Глава IV Разгромленная Польша

We use cookies. Read the Privacy and Cookie Policy

Глава IV

Разгромленная Польша

Задерживаться в Кельце я не стал — сразу после недолгой передышки двинулся в путь: через городские предместья и дальше, к Варшаве, которая представлялась мне землей обетованной. Меня тянуло в столицу, как в благодатную гавань; там, казалось мне, я обрету новый смысл жизни или хотя бы покой и безопасность, ну, на худой конец, пойму, что делать дальше.

Кончалась вторая неделя ноября 1939 года. Почти три месяца прошло с той ночи, когда мне вручили красную карточку с приказом о мобилизации. И чуть больше двух — с другой, когда немцы бомбили Освенцим и я проснулся от страшного грохота. Все это время было чередой потрясений. Мир, в котором я жил прежде, рушился. Я походил на потерпевшего кораблекрушение, которого швыряет с волны на волну посреди океана. Он борется, пока хватает сил.

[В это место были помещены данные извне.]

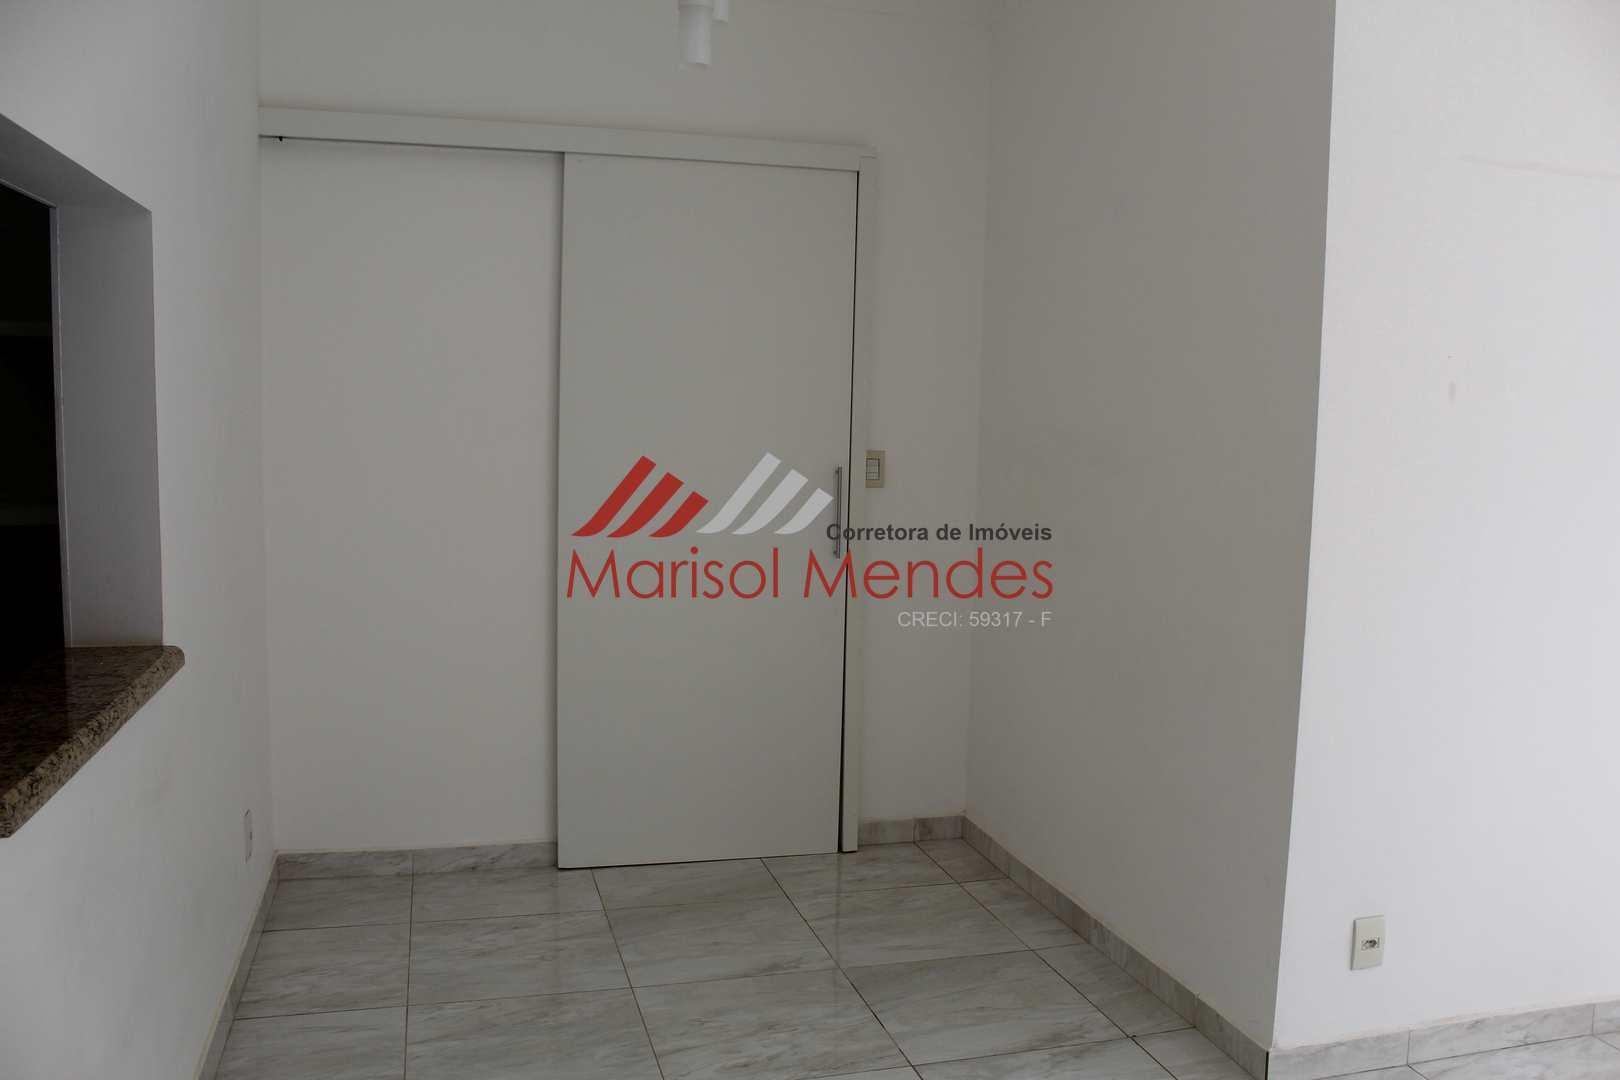 Apartamento com 3 dorms, Jardim Carlos Gomes, Pirassununga - R$ 350 mil, Cod: 112

Польши больше не было. Она перестала существовать. А вместе с ней исчезло все, из чего состояла моя жизнь. Теперь я начал понимать тех, с кем встречался раньше: офицера, который покончил с собой у Тарнополя, убедившись, что в мире все плохо и больше не для чего жить; парнишку, которого я оставил в Кельце тихо глотающим слезы. Они раньше меня поняли, что наша Польша разрушена. И, осознав это, поступали искренне и по-человечески. Были честны с собой. Не то что я, когда упрямо произносил безумные речи о польской армии, которая-де наверняка где-то еще сражается. Действительно ли я в это верил или просто хотел заглушить громкими фразами свою тревогу?

Почему для Польши поражение имеет совершенно особое значение?

Чем Польша отличается от других стран? И наша нация от других наций? Мне вспомнились лекции моих преподавателей во Львовском университете Яна Казимира, разговоры с отцом и братом…

У поляков чрезвычайно сильно чувство общности между отдельным человеком и всей нацией — чувство, подкрепленное историческим опытом, который показывает, что проигранная война влечет за собой губительные для всего народа последствия. В других странах за поражением следует оккупация, они выплачивают контрибуцию, вынуждены сократить армию, иногда дело доходит до изменения границ. Когда же польские солдаты терпят поражение на поле боя, весь народ постигают губительные бедствия: соседи грабят и делят между собой территорию Польши, стремятся уничтожить ее культуру и язык. Вот почему война для нас — событие грандиозного масштаба[30].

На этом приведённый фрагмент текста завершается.